Обошлось. Не притащили. И теперь у него был внятный повод бежать… Задыхаться, чуть замирать, унимая стук сердца, и снова бежать… Быстрее и быстрее… Расталкивая тучных харьковских торговок, топча тощеватых кур, убежавших из корзины сбитой им с ног крестьянки, налетая на дряхлые кибитки ожидающих возле базара возчиков и рискуя попасть под колеса первых грузовиков… Добежать… Взлететь вверх по лестнице… замереть… Выдохнуть… Вдохнуть… И уж тогда протянуть руку к дверному косяку, чтобы постучать…

Она открыла дверь прежде, чем он успел стукнуть.

– Заметила вас из окна, – лукаво одергивая якобы случайно завернувшееся домашнее платьице, объяснила Сима. И не спросила, а – словно капкан набросила – добавила: – Вы забыли шляпу!

– Ш-шляпу вы тоже увидели из окна? – удивился Нарбут, оглядев крохотную комнату. На столе, где вчера он осторожно замаскировал за книгами свое канотье, его не было.

– Шляпу? – переспросила она таким напевным ворожащим голосом, что последние остатки его сознания потерялись в этом напеве.

Он не знал, что такого необыкновенного случилось с ним при звуках этого голоса, но знал, что хочет теперь только одного – забыв обо всех нормах приличия, нравственности и прочая, наброситься на эту вожделенную куколку и, сорвав с нее тоненькое платье, повалить прямо на пол.

– Шляпу? – еще раз переспросила Сима, вместе с Нарбутом нарочно оглядывая комнату, будто спрашивая – и где же ваша знаменитая шляпа, гражданин начальник моего мужа, а если шляпы нет, тогда зачем же вы пришли, уж не меня ли ради?

– Шляпу? – в третий раз повторила Серафима.

И, наконец, восхитительно лукаво улыбнувшись, высоко подняла ножку, чтобы забраться на придвинутый к шкафу стул. На цыпочках – короткое платьице задралось до предела, и Нарбуту уже казалось, что он вот-вот потеряет сознание от близости этих ножек, этого платьица и всего того, что под этим платьицем скрыто, – Симочка потянулась к громоздкому чемодану.

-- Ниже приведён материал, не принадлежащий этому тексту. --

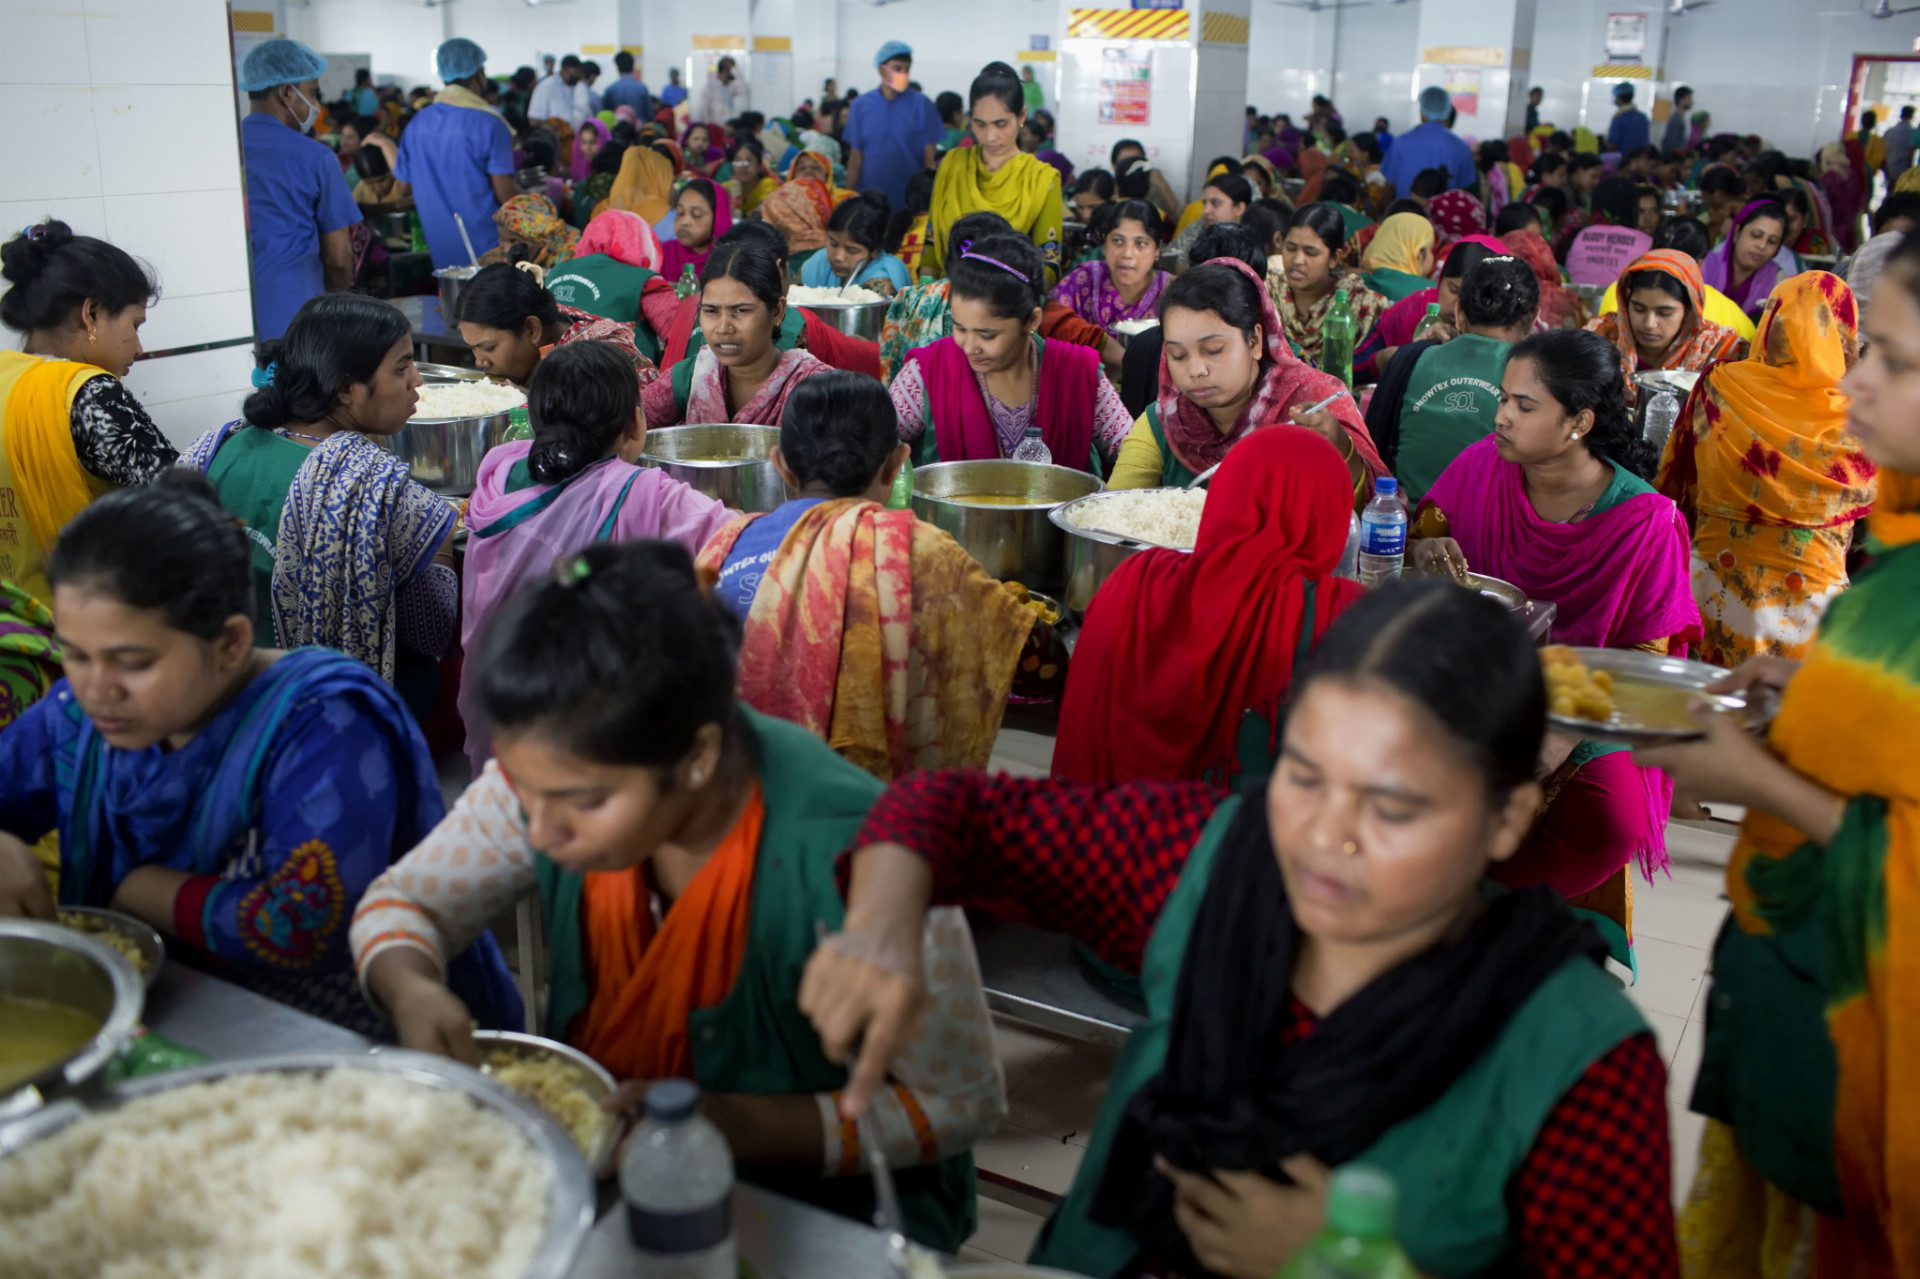 Transfer priemyselných odvetví do oblastí s nízkymi platmi prispieva k stagnácii životnej úrovne strednej vrstvy. Na snímke sú pracovníčky textilky v Bangladéši počas obeda.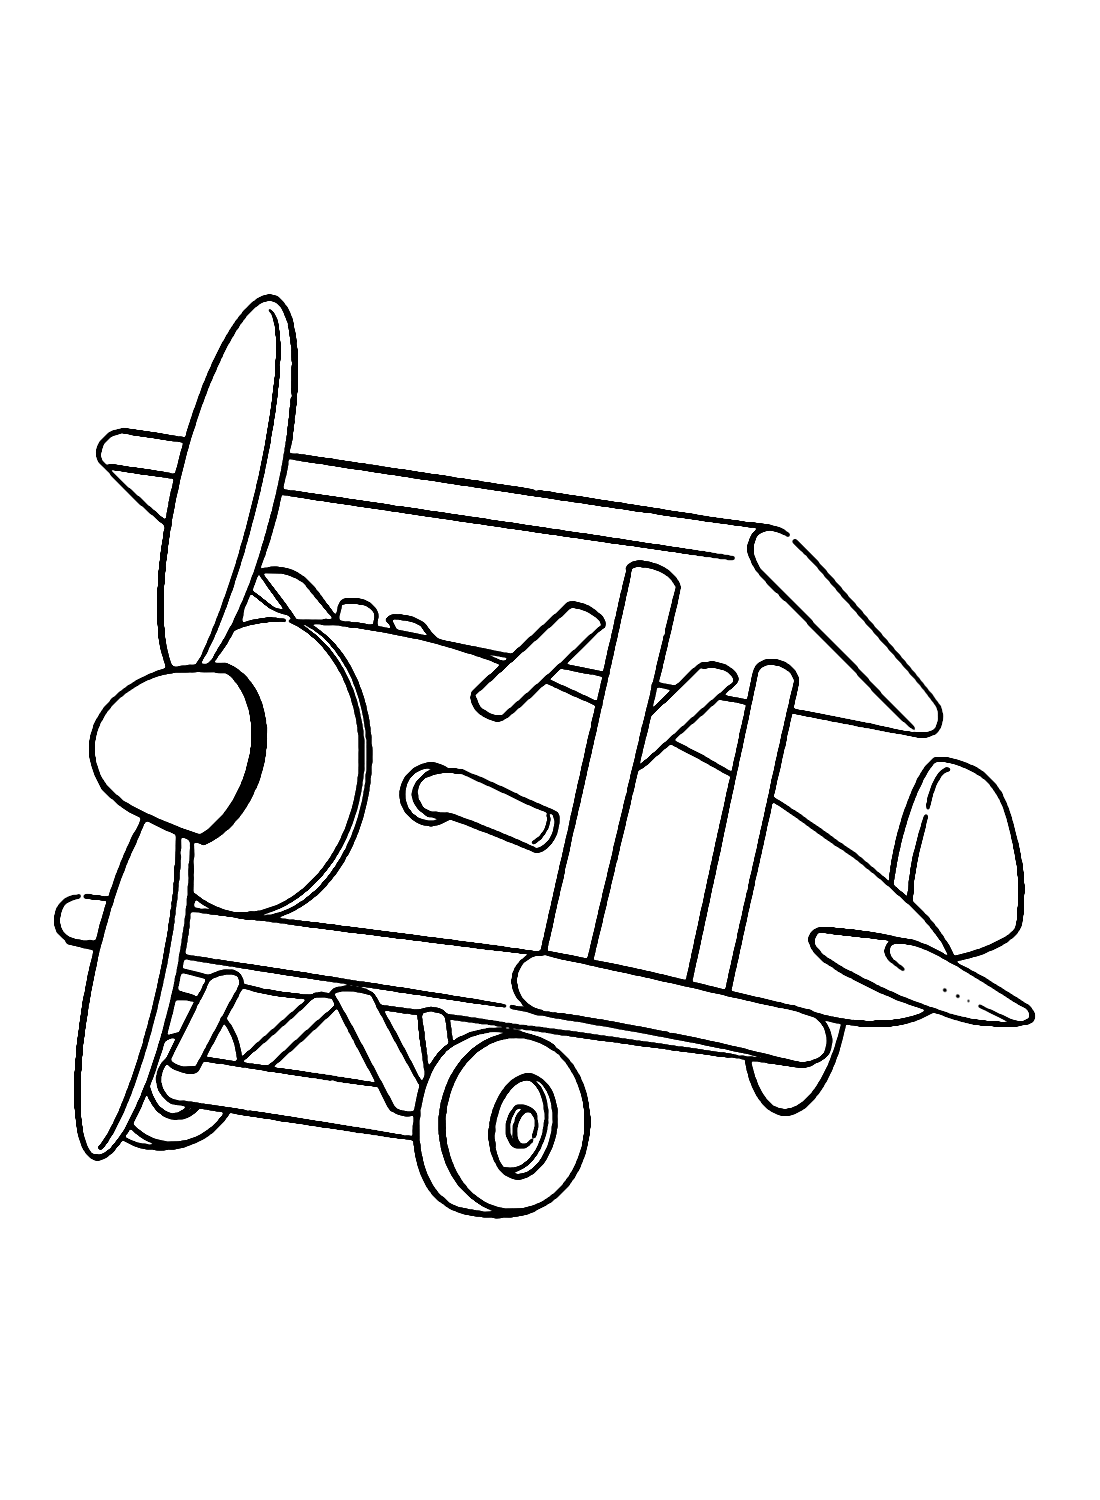 Avião de brinquedo da Toys

– Шляпу я вашу, Владимир Иванович, еще с вечера спрятала. Юрка с Валькой всю ночь за тем столом сочиняли, так что утром наверняка приволокли бы вам ваше сокровище. И собою бы жуть как гордились!

И доставая канотье из пыльного чемодана, снисходительно посмотрела на него сверху вниз.

– А вам хотелось самому за этой шляпой вернуться. Ведь правда, вам хотелось вернуться сюда?! – Сверху, с высокого стула, с выси, с неба, вопрошала эта юная Мессалина. И снова смотрела ему прямо в глаза.

Потом нарочито беспомощно и прелестно кокетливо зашаталась.

– Ой! Ловите меня, я же падаю!

И упала.

Нарбут едва успел подставить оставшуюся невредимой руку, чтобы хоть как-то поймать эту нимфу. Но одной руки для ловли нимф оказалось недостаточно, и они вместе свалились на застеленный домоткаными дорожками пол.

Он еще не успел испугаться ужасности своего положения – что за мужчина, когда из-за ненавистной культяпки и юную девушку на руки поймать не в силах! – а губы их уже делали свое дело куда успешнее, чем руки. Целовалась эта маленькая проказница бесстыдно и страстно. И вкусно. Так бесконечно вкусно, что в первые же секунды он понял – оторваться от терпко-сладких губ, от точеных ножек и полудетских грудок, от всего этого восхитительного чуть взбалмошного и ошеломительно желанного существа он не сможет уже никогда.

Сливаясь с Симой, вторгаясь в нее, прячась и растворяясь в ее существе, он чувствовал не просто вожделение, не просто любовь, а что-то иное, что определить или объяснить он не мог.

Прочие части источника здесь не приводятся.